What are the technologies you will use (e.g., gel electrophoresis, DNA sequencing, mass spectrometry, etc.)? Describe in detail.
- Western blot: To detect specific proteins encoded by the BGC after separation by gel electrophoresis.
- Gel electrophoresis: For protein separation prior to blotting.

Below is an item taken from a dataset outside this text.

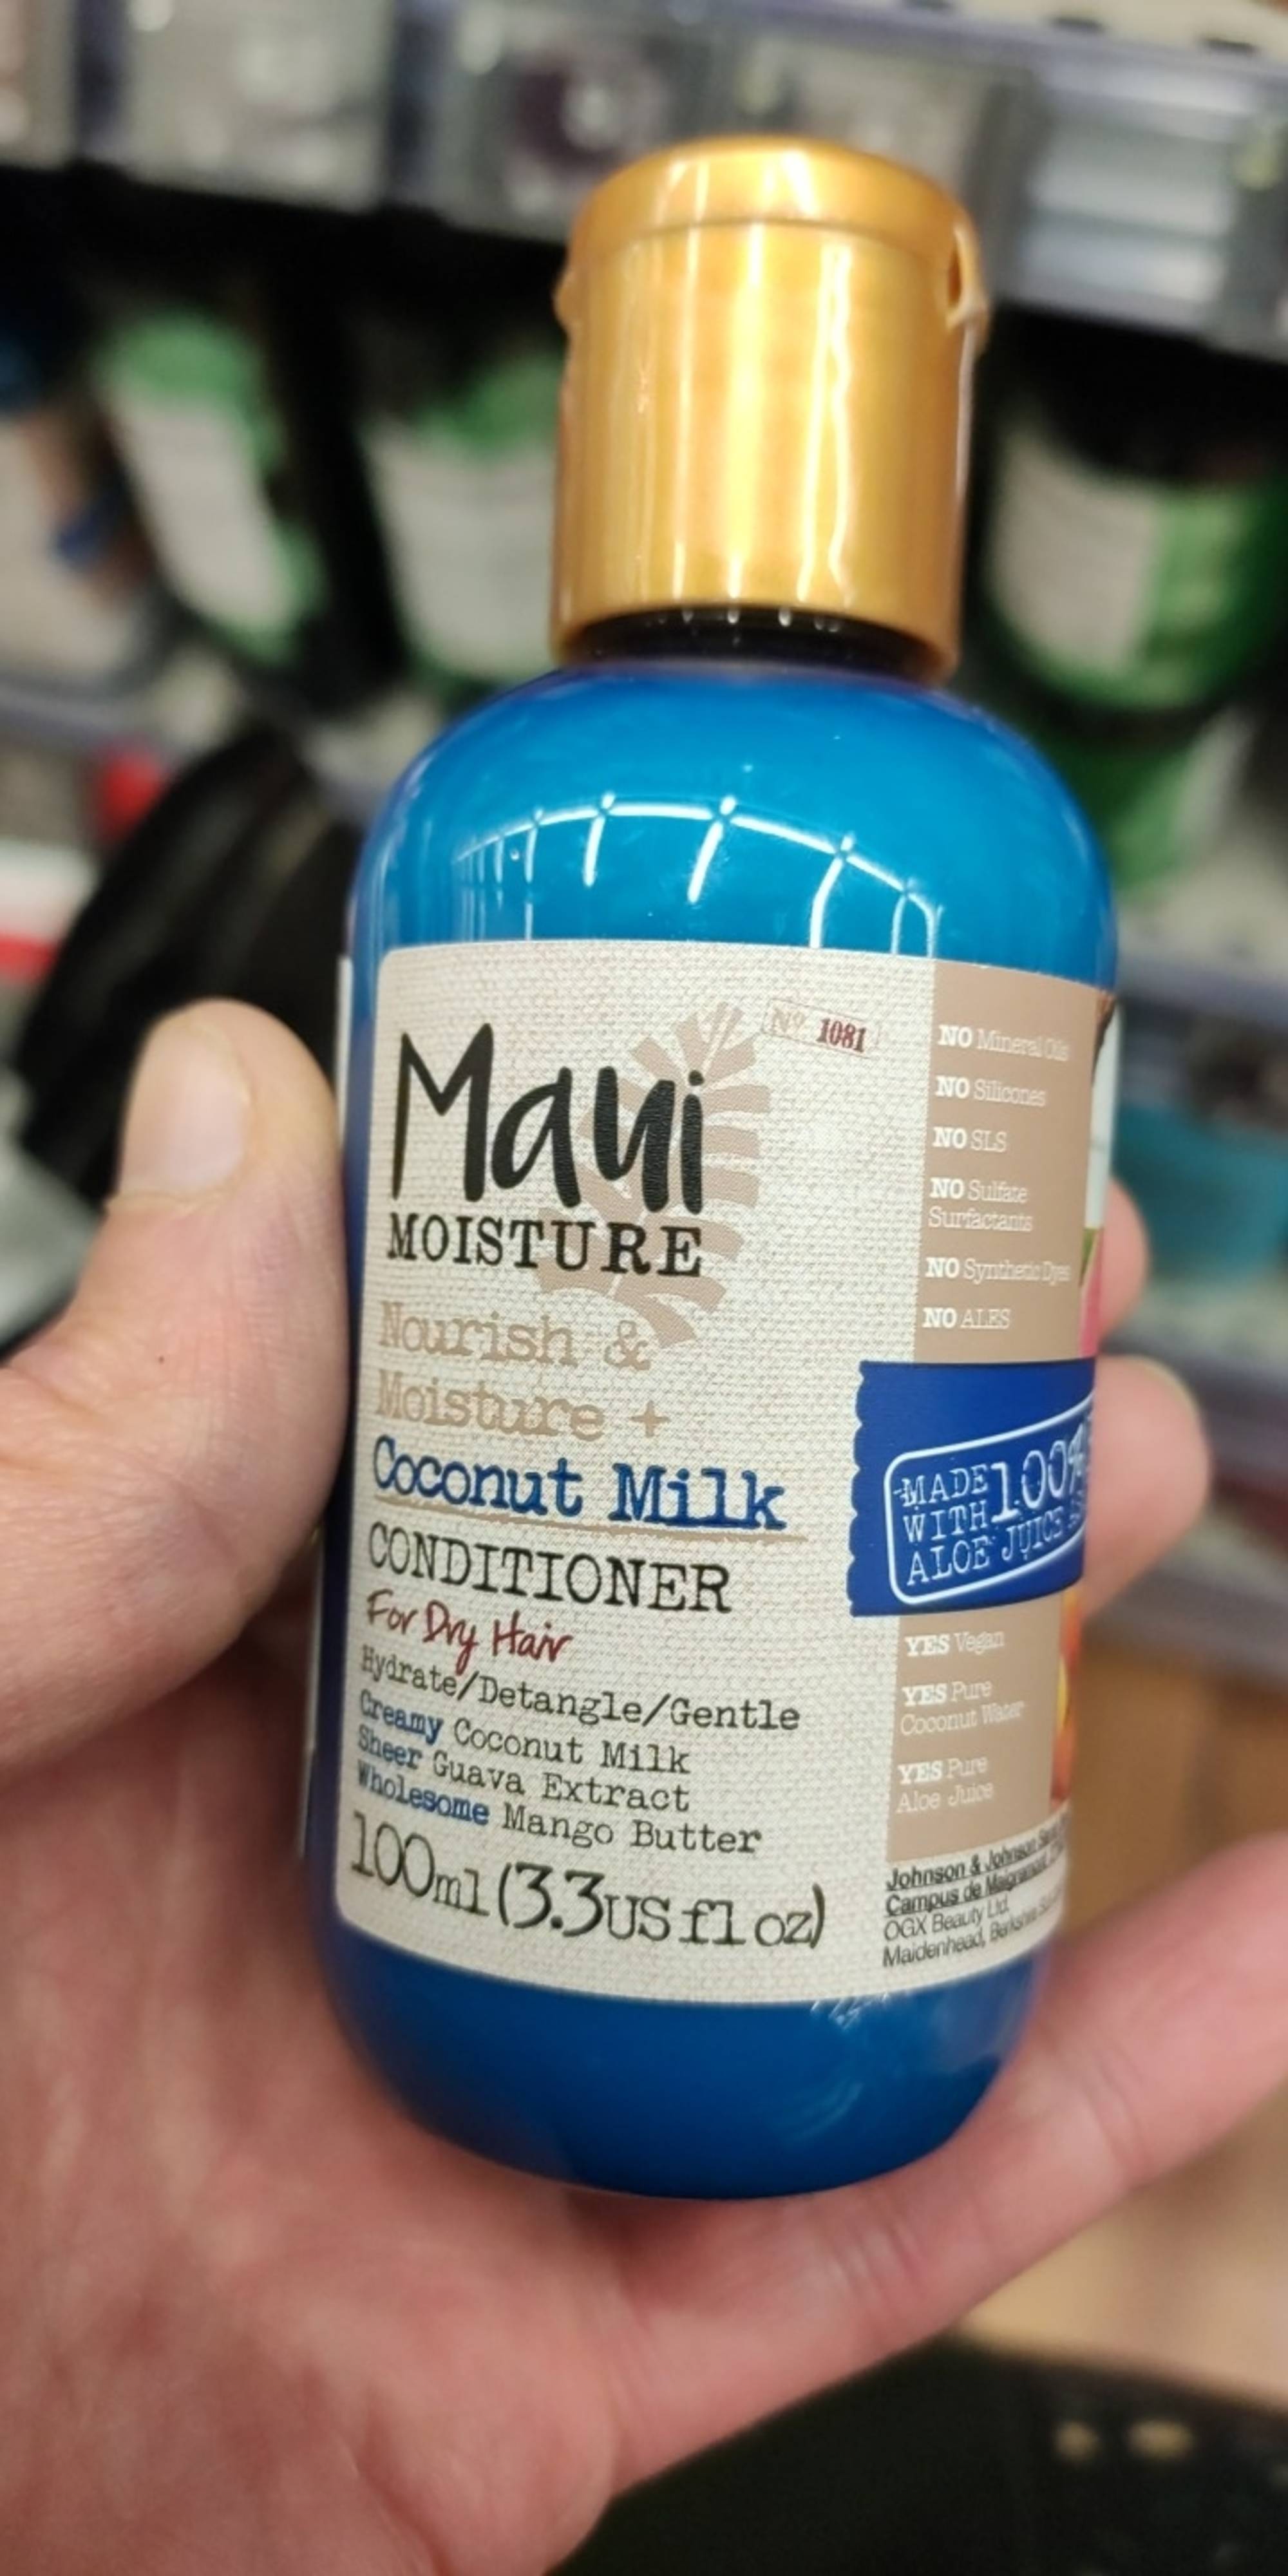 MAUI MOISTURE - Coconut milk - Conditioner

- LC-MS (Liquid Chromatography–Mass Spectrometry): Main analytical technique to identify and quantify metabolites based on retention time and mass-to-charge ratio.
- Antibiogram assays: To determine the antibacterial effectiveness of produced compounds.
PART 1
Based on the predicted amino acid sequence of eGFP (see below) and any known modifications, what is the calculated molecular weight? You can use an online calculator like the one at https://web.expasy.org/compute_pi/
MVSKGEELFTG VVPILVELDG DVNGHKFSVS GEGEGDATYG KLTLKFICTT GKLPVPWPTL VTTLTYGVQC FSRYPDHMKQ HDFFKSAMPE GYVQERTIFF KDDGNYKTRA EVKFEGDTLV NRIELKGIDF KEDGNILGHK LEYNYNSHNV YIMADKQKNG IKVNFKIRHN IEDGSVQLAD HYQQNTPIGD GPVLLPDNHY LSTQSALSKD PNEKRDHMVL LEFVTAAGIT LGMDELYKLE HHHHHH
Based on the website provided, the molecular weight is 26.94 kDa, which does not consider the linker and His tag. If we consider them, the new MW will then be 28 kDa. The former value is consistent with other GPFs from other databases such as Q9U6Y4 (26.17 kDa), P42212 (26.89 kDa) and Q9GZ28 (25.91 kDa).
Based on the predicted amino acid sequence of eGFP (see below) and any known modifications, what is the calculated molecular weight? You can use an online calculator like the one at https://web.expasy.org/compute_pi/
The expression is:
$ z = \frac{m/z_{n+1}}{\left(\frac{m}{z_n} - \frac{m}{z_{n+1}}\right)} $Then, considering peaks such as 800.5508 and 824.0635, $z$ is equal to 34.047.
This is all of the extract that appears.